When our life-giving force was celebrated, I quietly grieved.

Really? I was glad to be done with that.

Many women speak of their period becoming irregular, or stopping for six months and coming back. But mine just stopped one day and never returned. If I had known that it would be the last one, I would have thrown a party. I would have spent more time looking at the glob floating in the water, like paint mixed to a perfect shade of red. I would have held my belly and felt the blood flowing under the surface, and said a prayer.

Wow! You don’t look like you’ve gone through menopause.

At first, I accepted it as a compliment. Then I wondered, what does post-menopause look like?

If you had asked me when I was in my twenties, I wouldn’t have imagined that being post-menopausal would mean that I would sell my belongings, move across the country to live by the ocean, and become a dancer.

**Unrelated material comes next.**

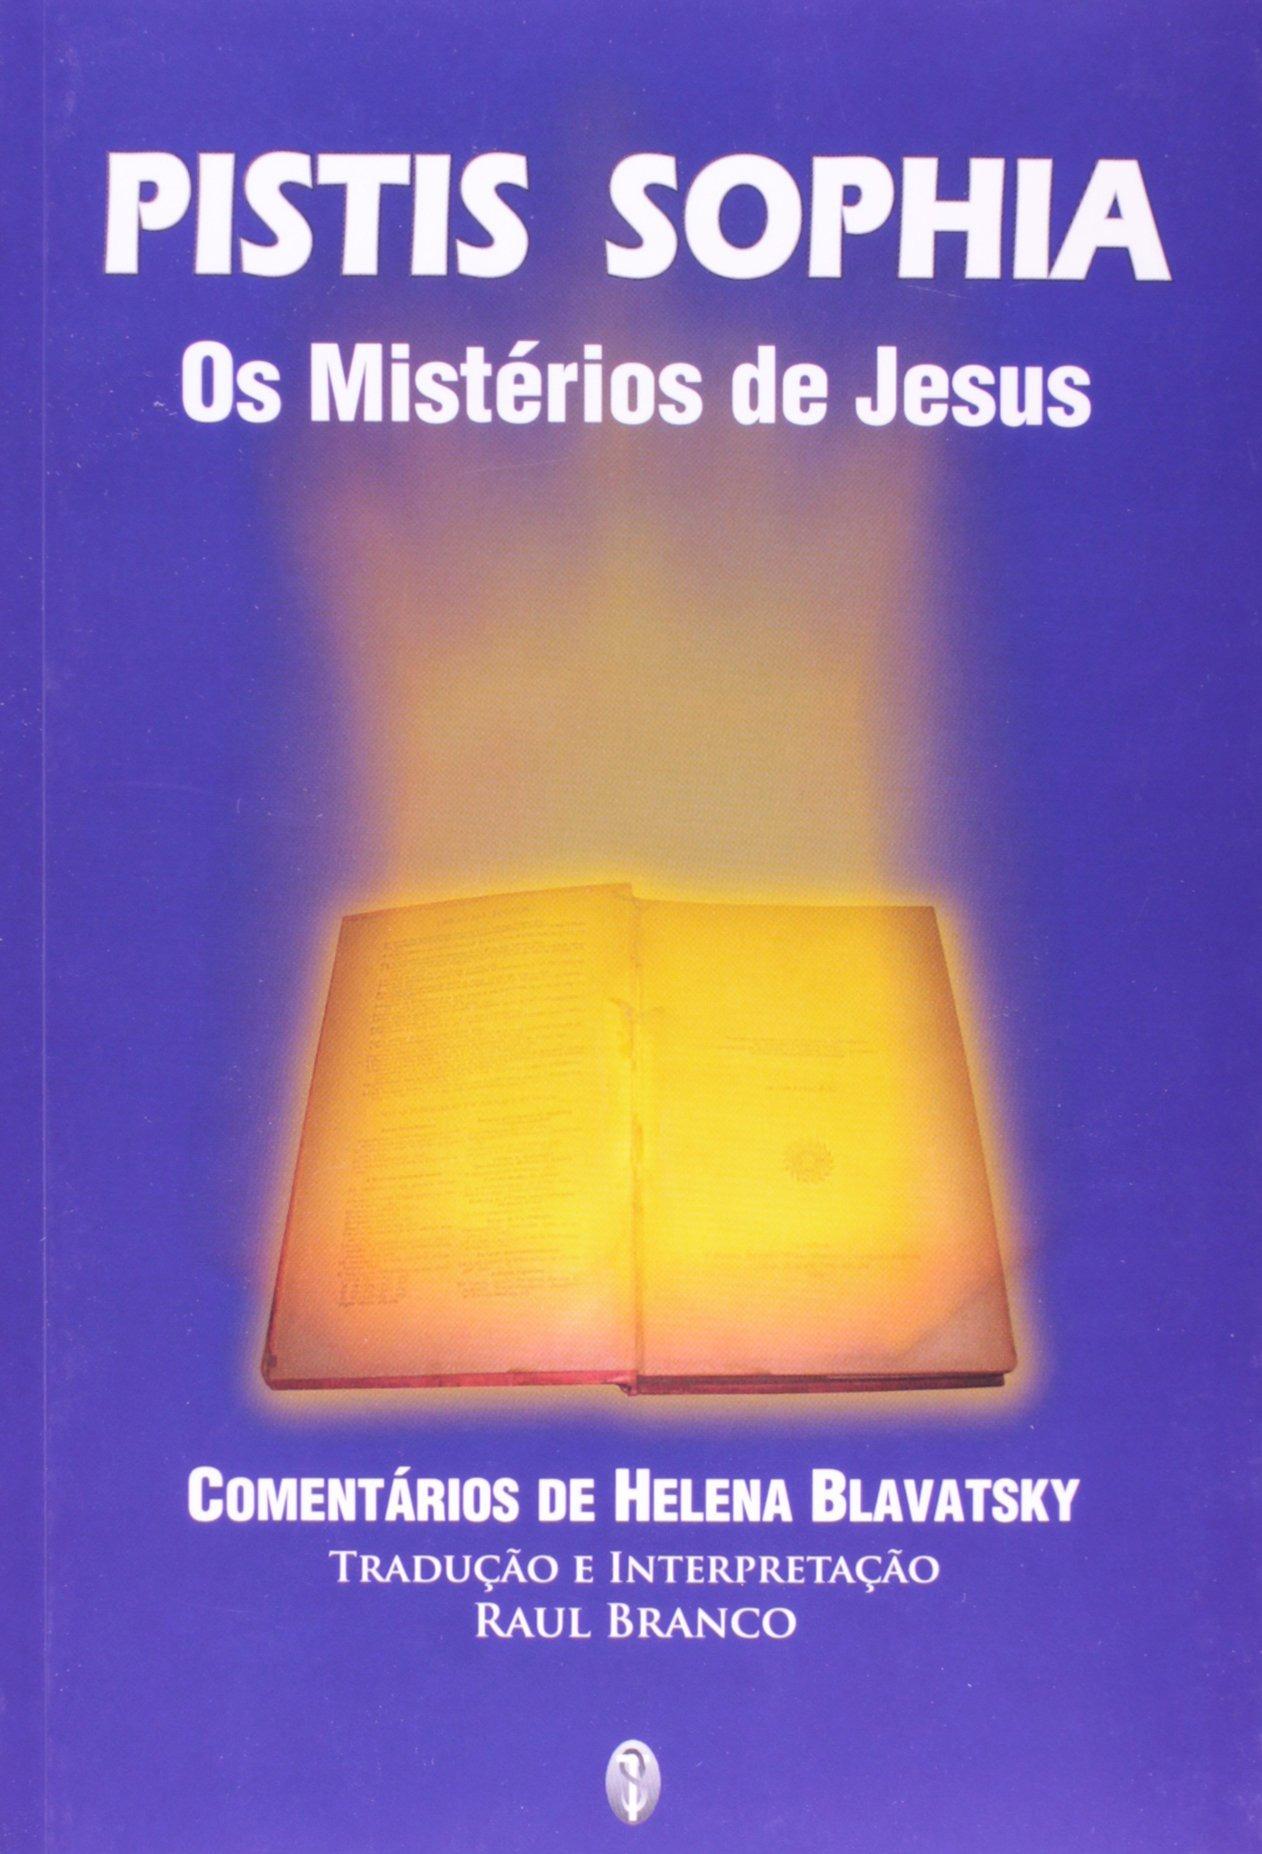 Pistis Sophia - Os Mistérios de Jesus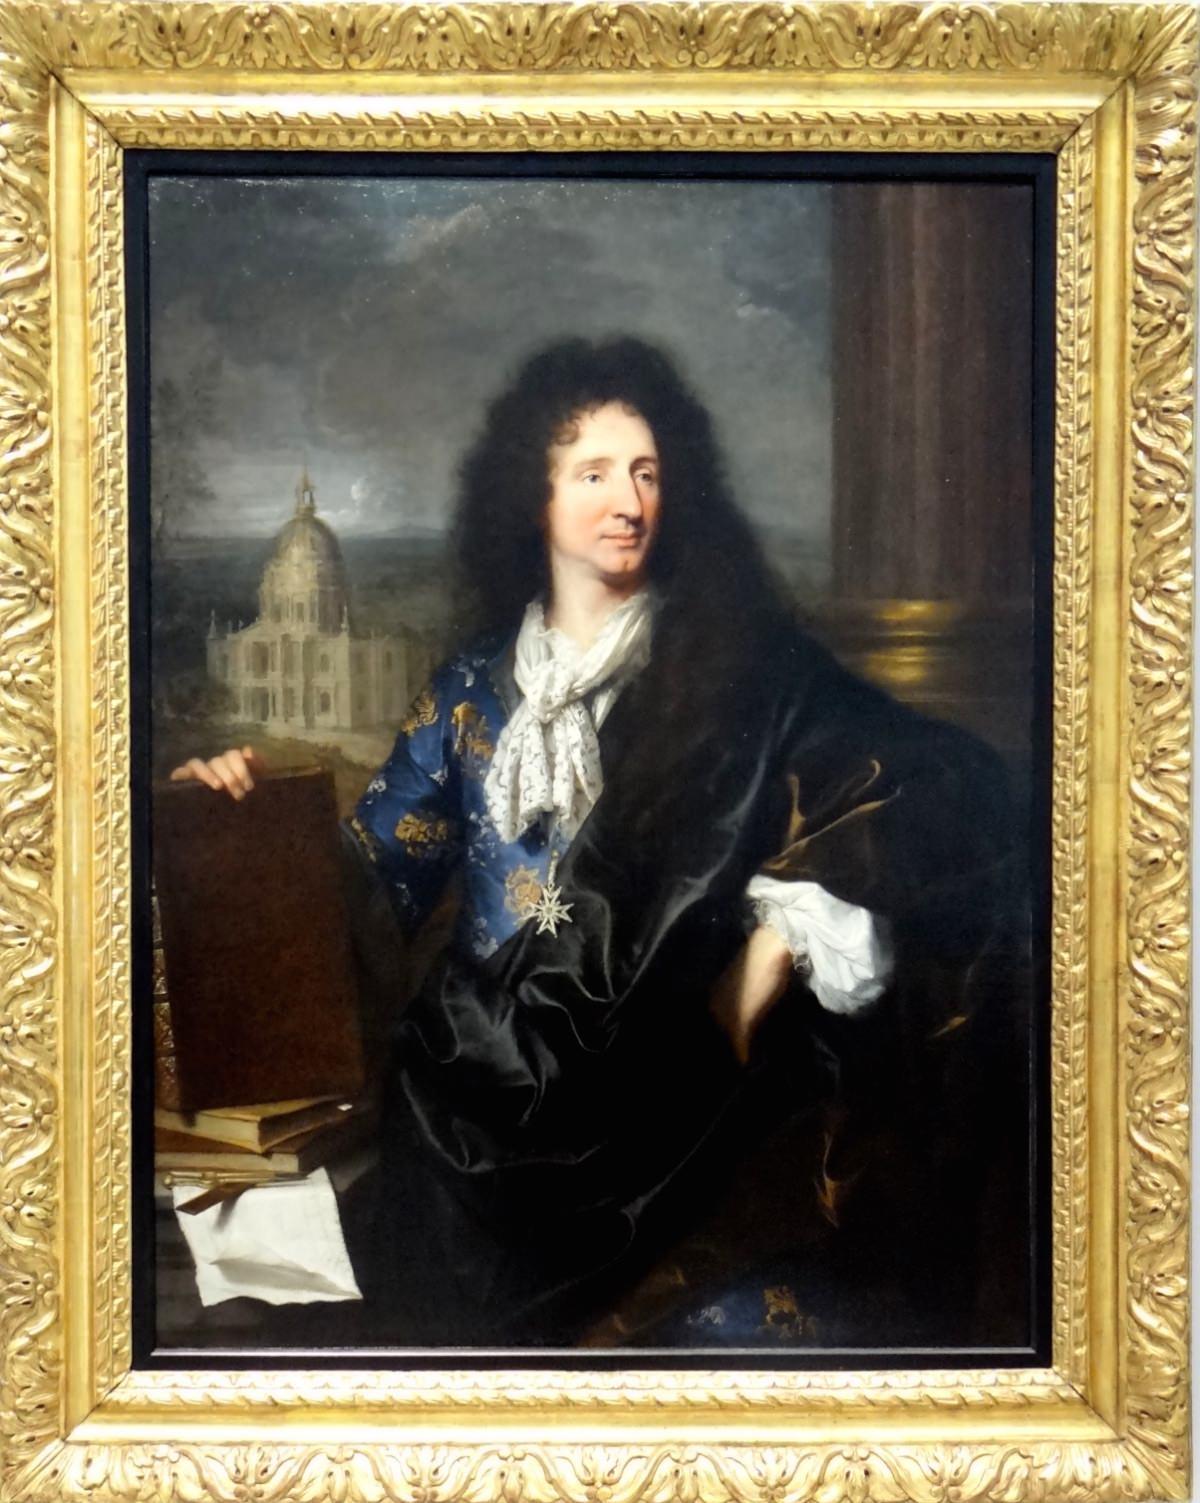 Hyacinthe Rigaud - 1685 Jules-Hardouin Mansart

Now, as I dance, I connect with others. We begin slowly, moving together on the wooden floor in the dance studio, flowing to a gentle wave in the music. We dance alone. We dance together. A woman joins me and we leap like teenagers. A young man gives me a warm hug. A woman in her seventies dances past, palms up. The dance builds to a crescendo before we meet again in stillness. Sometimes I weep. Sometimes I am elated, joyful. I hold my belly and say a silent prayer.